Welcome to your usual weekly roundup of vaguely interesting stuff that happened in the last week! Enjoy, and let me know if I’ve missed anything out. Previous week.

Palaeontology news

  • Montanari: Cracking the egg: the use of modern and fossil eggs for ecological, environmental and biological interpretation.
  • Yin et al: Cranial morphology of Sinovenator changii (Theropoda: Troodontidae) on the new material from the Yixian Formation of western Liaoning, China.
  • Li et al: Convergent evolution of a mobile bony tongue in flighted dinosaurs and pterosaurs.
  • Paparella et al: A new fossil marine lizard with soft tissues from the Late Cretaceous of southern Italy.

Open Science News

  • The EU have launched their Open Science Monitor. Sadly, Elsevier have been sub-contracted to work on this, which is reflected in the dominance of their tools and services in the methodologies.
    • If this concerns you, which it should, please leave a comment here.
  • The Open Revolution, a new book by Rufus Pollock, is now out. Strongly reccomended!
  • Martin-Martin et al: Unbundling Open Access dimensions: a conceptual discussion to reduce terminology inconsistencies.
    • “This study intends to initiate a discussion on this issue, by proposing a conceptual model of OA. Our model features six different dimensions (authoritativeness, user rights, stability, immediacy, peer-review, and cost).”

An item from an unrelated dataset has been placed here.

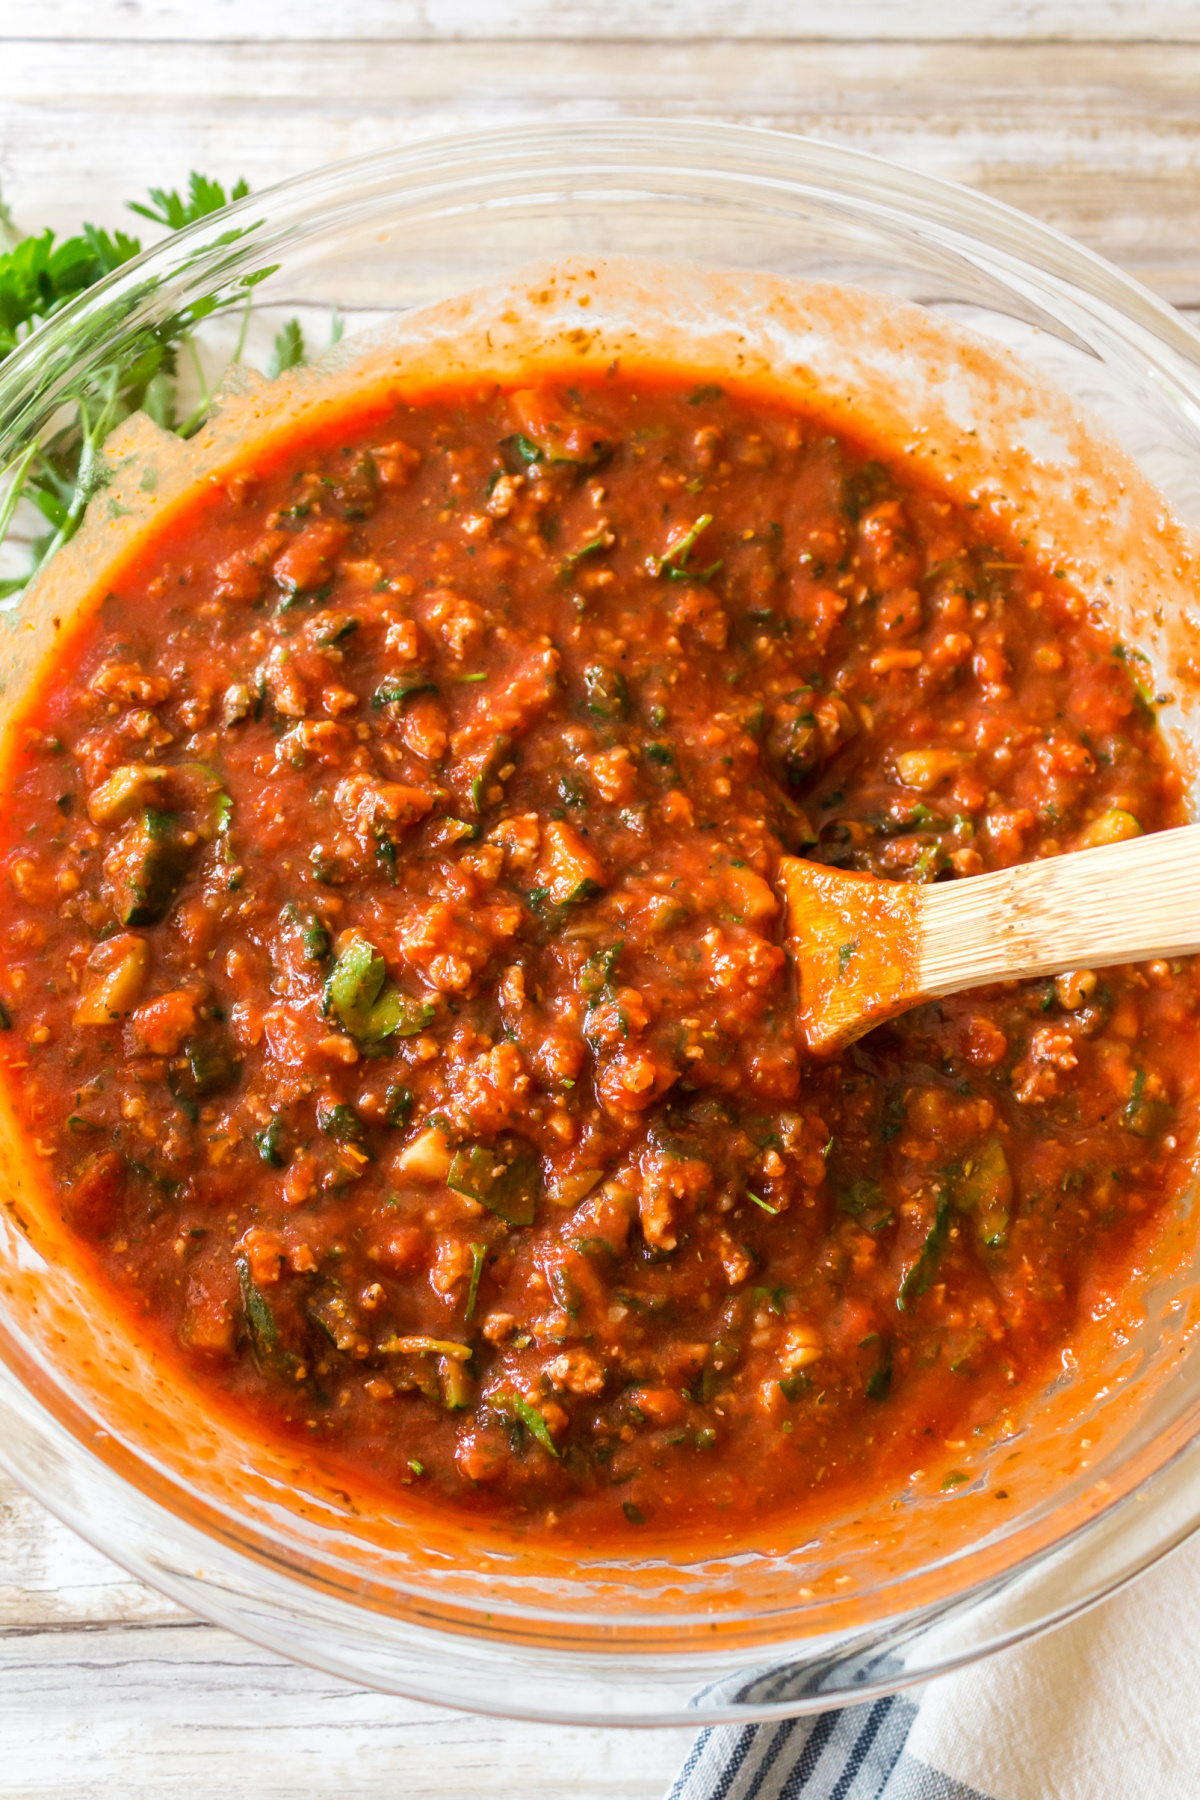 A bowl of homemade marinara sauce with a wooden spoon.
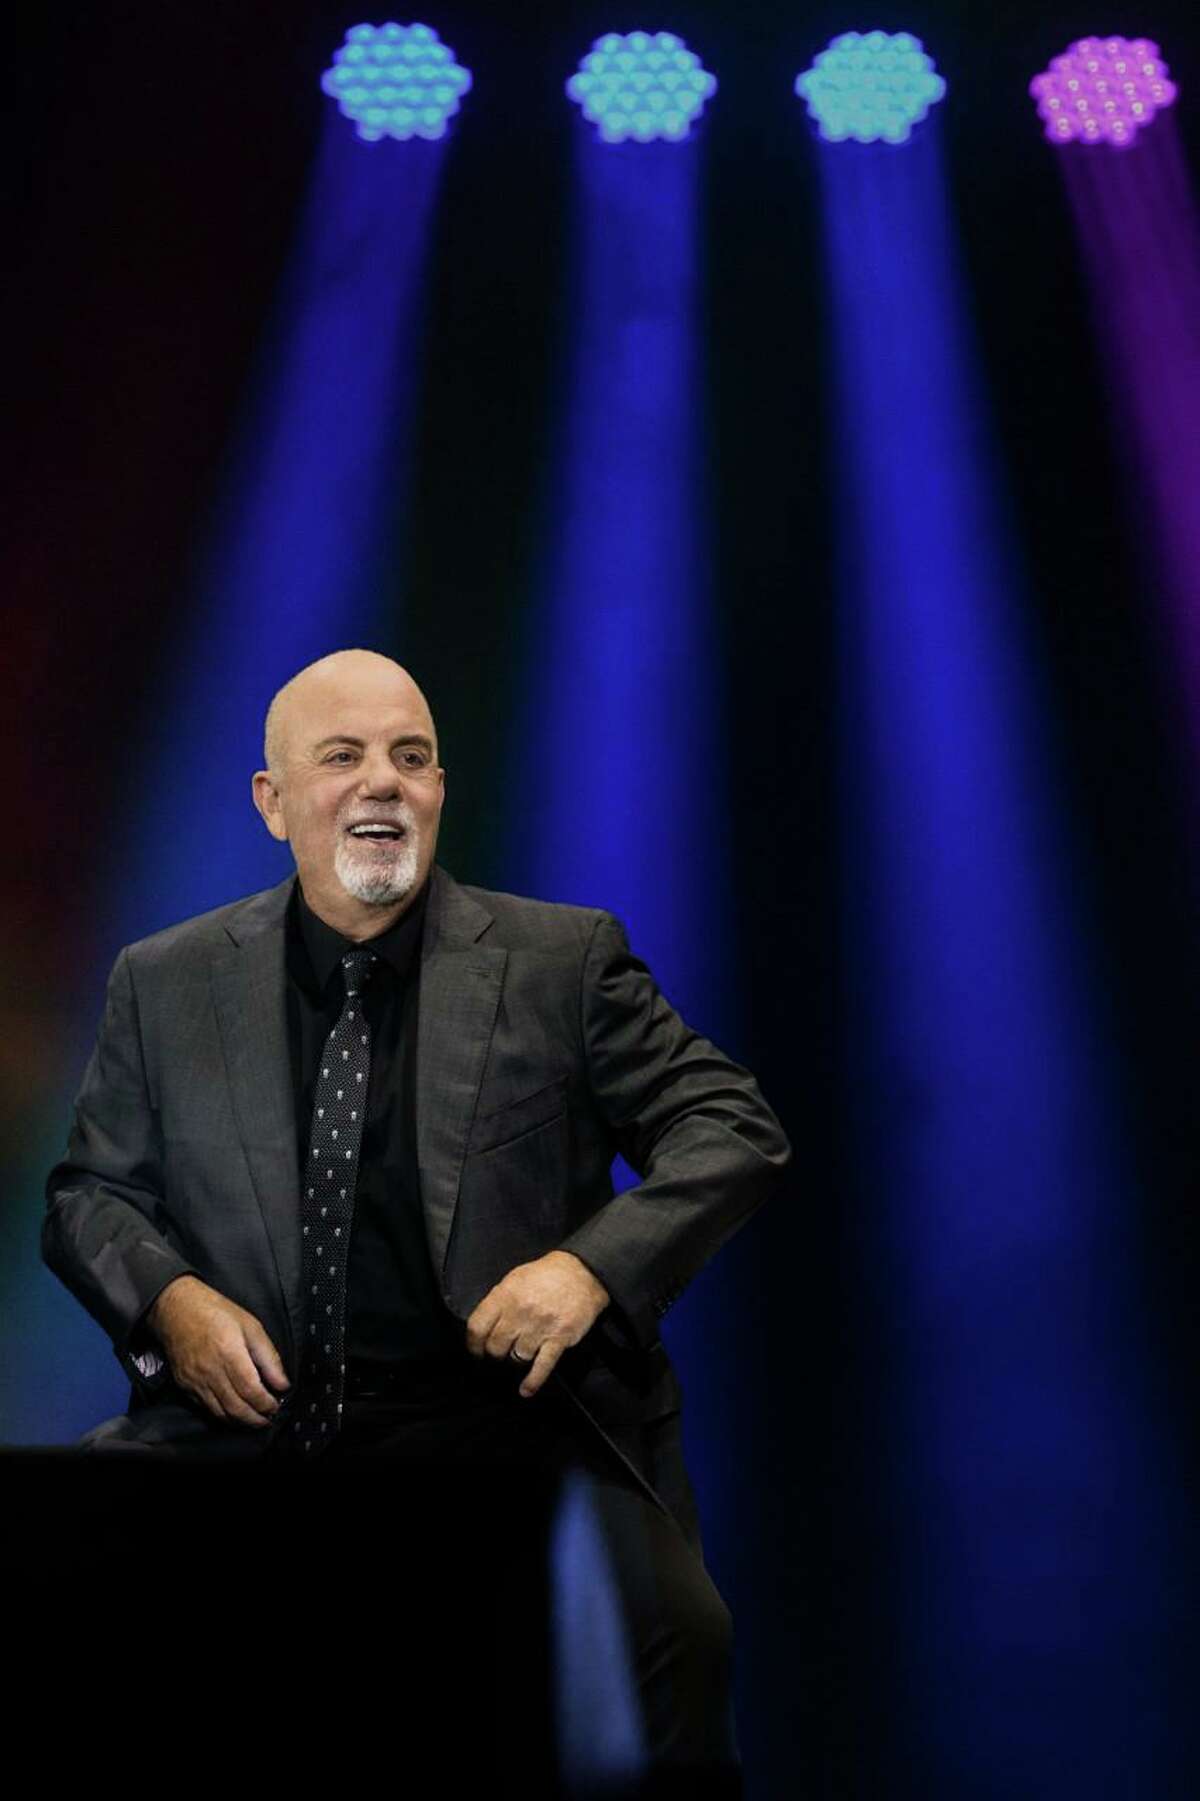 Billy Joel will be the headliner for the 2022 edition of the Greenwich Town Party. The daylong concert is set to return to the start of Memorial Day weekend, after a cancellation in 2020 and a delay until Labor Day in 2021.

  • Schmidt et al: Open Science Support as a Portfolio of Services and Projects: From Awareness to Engagement.
  • Emery: How green is our valley?: five-year study of selected LIS journals from Taylor & Francis for green deposit of articles.
    • Results indicate that less than a quarter of writers have chosen to make a green deposit of their articles in local or subject repositories. Despite zero embargo period, for LIS authors at Taylor and Francis journals. Utterly disappointing.
  • Introducting the Free Journal Network! LSE Impact Blog.

Stuff I’ve done

Other cool stuff

  • Worldbrain’s Memex tool now allows you to link to and cite specific pieces of text within articles. How cool is that!